In this model, we code the prior distribution for \(\boldsymbol{\eta}_i\) directly:

\[ \boldsymbol{\eta}_i = (\eta_{1i},\eta_{2i})^T \sim N(\mathbf{0}, \boldsymbol{\Omega}) \]

Version 2 (mod2)

In this model, we code the prior distribution for \(\boldsymbol{\eta}_i\) as a standard bivariate normal and scale the values accordingly:

\[ \boldsymbol{\eta}_i^* = (\eta_{1i},\eta_{2i})^T \sim N(\mathbf{0}, \mathbf{I}_2) \] and derive the individual parameters as

\[ \boldsymbol{\eta}_i = \text{Chol}(\boldsymbol{\Omega}) \boldsymbol{\eta}_i^* \] where \(\text{Chol}(\mathbf{A})\) is the Cholesky factorization of the matrix \(\mathbf{A}\).

Non-centered, correlated parameterization with covariates

Lastly, we fit a model which incorporates covariate effects on the individual parameters. This model takes the form:

\[\begin{align*} \text{e0}_i &= \text{tv\_e0} + \mathbf{X}_{\text{e0},i} \beta_{\text{e0}} + \eta_{1i} \\ \log \text{EC50}_i &= \text{tv\_log\_ec50} + \mathbf{X}_{\text{EC50},i} \beta_{\text{EC50}} + \eta_{2i} \end{align*}\]

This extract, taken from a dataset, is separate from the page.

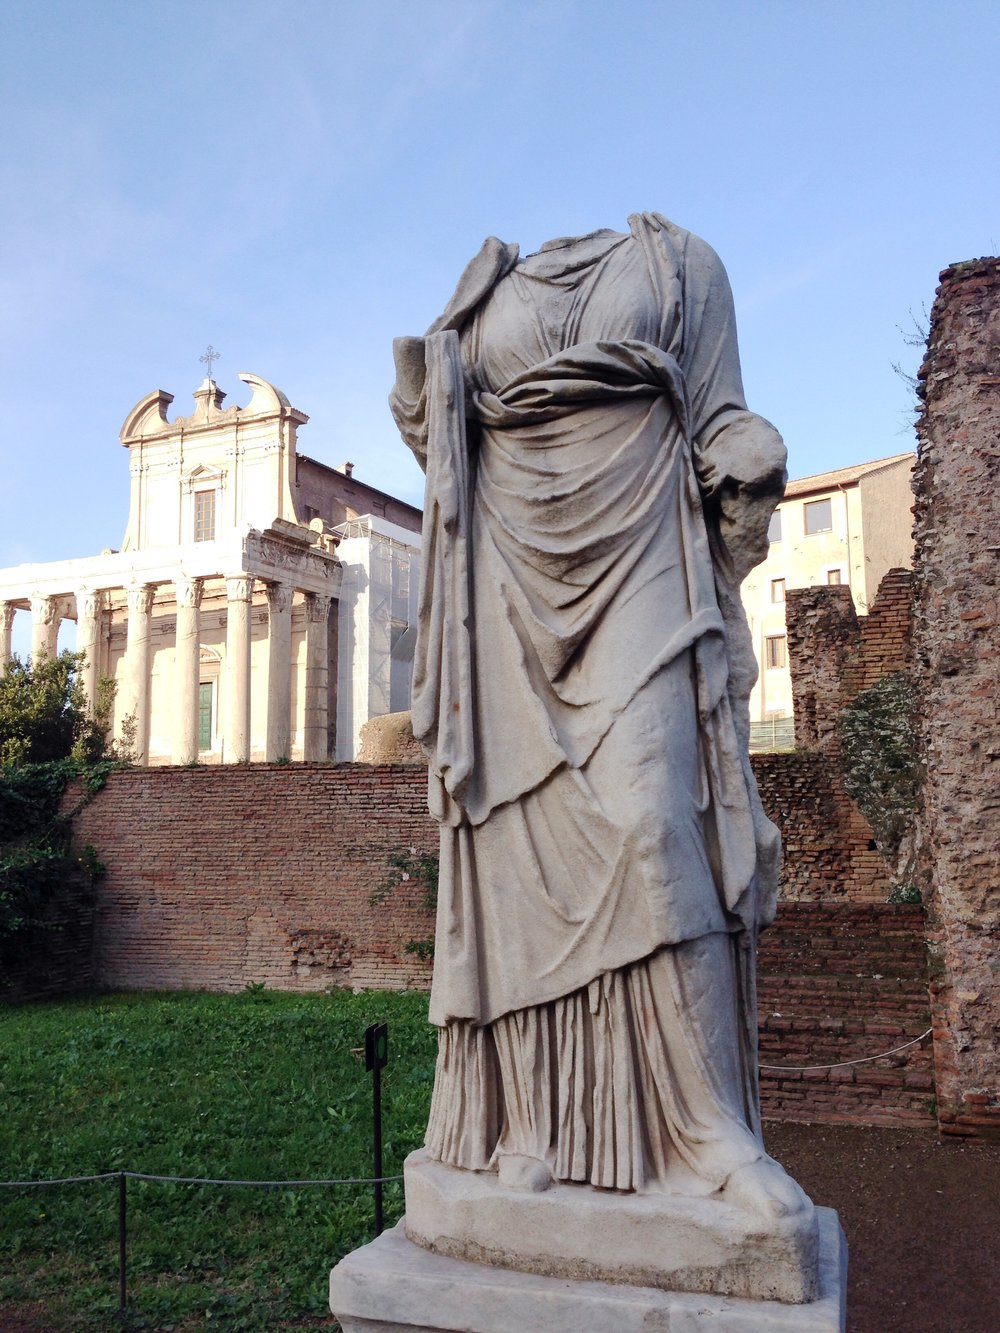 Statue of a Vestal Virgin Roman Forum, Rome, Italy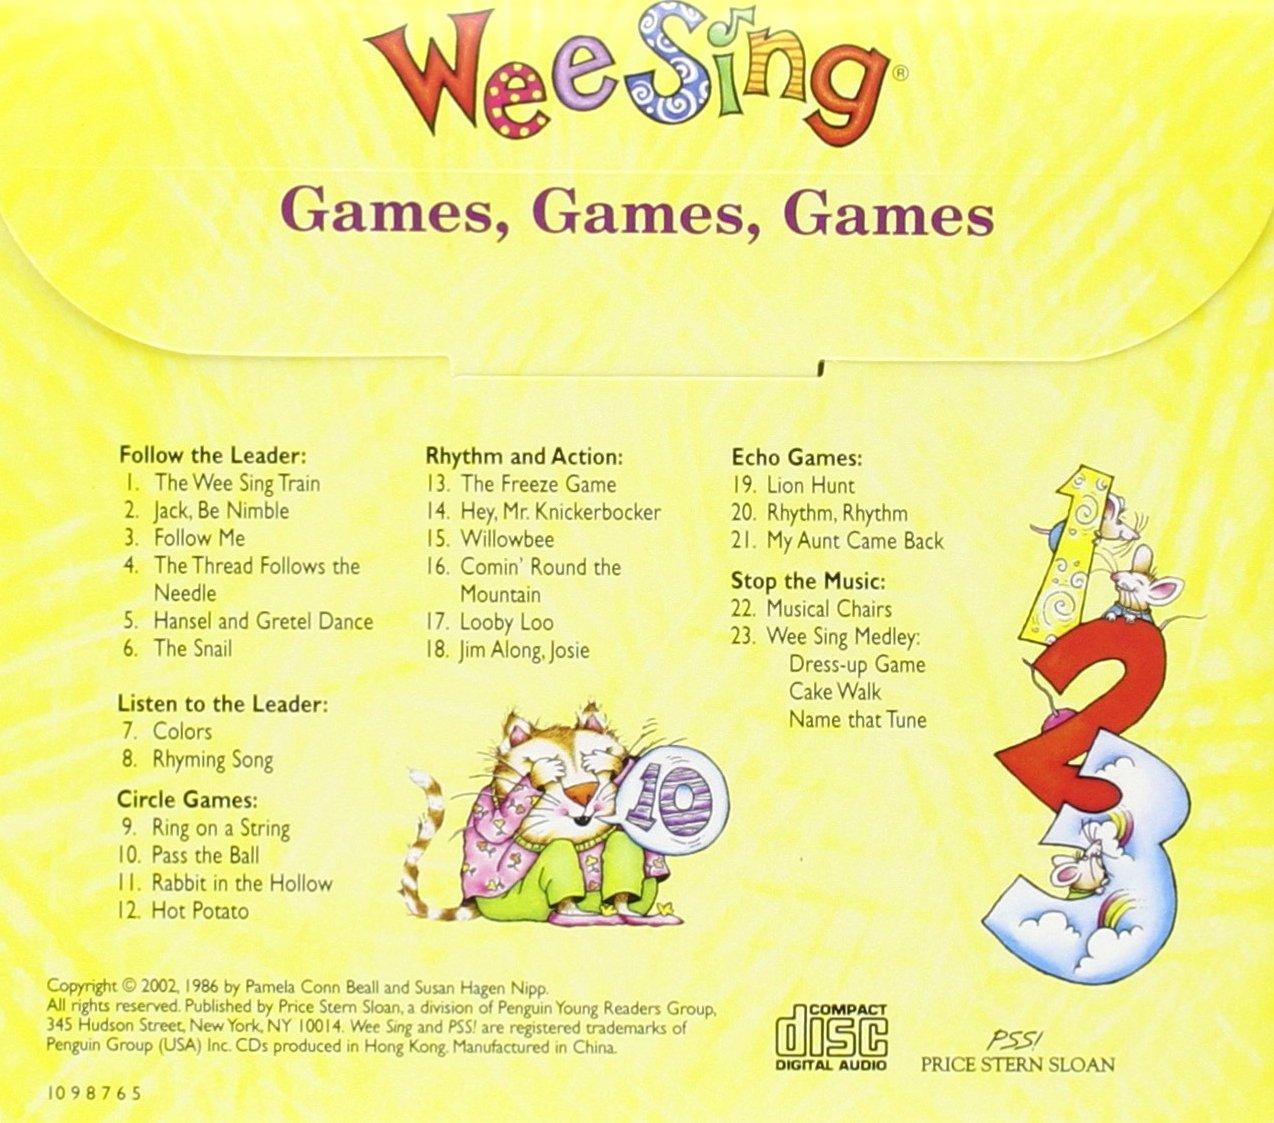 Amazon.com: Wee Sing Games, Games, Games (9780843120356): Pamela Conn Beall, Susan Hagen Nipp: Books

where \(\mathbf{X}_{\text{e0}}\) and \(\mathbf{X}_{\text{EC50}}\) are design matrices (one row per individual) for covariate effects on \(\text{e0}\) and \(\text{EC50}\), respectively, and \(\beta_{\text{e0}}\) and \(\beta_{\text{EC50}}\) are the corresponding effects. For this example, both matrices will include a single covariate for sex (a two-level categorical variable).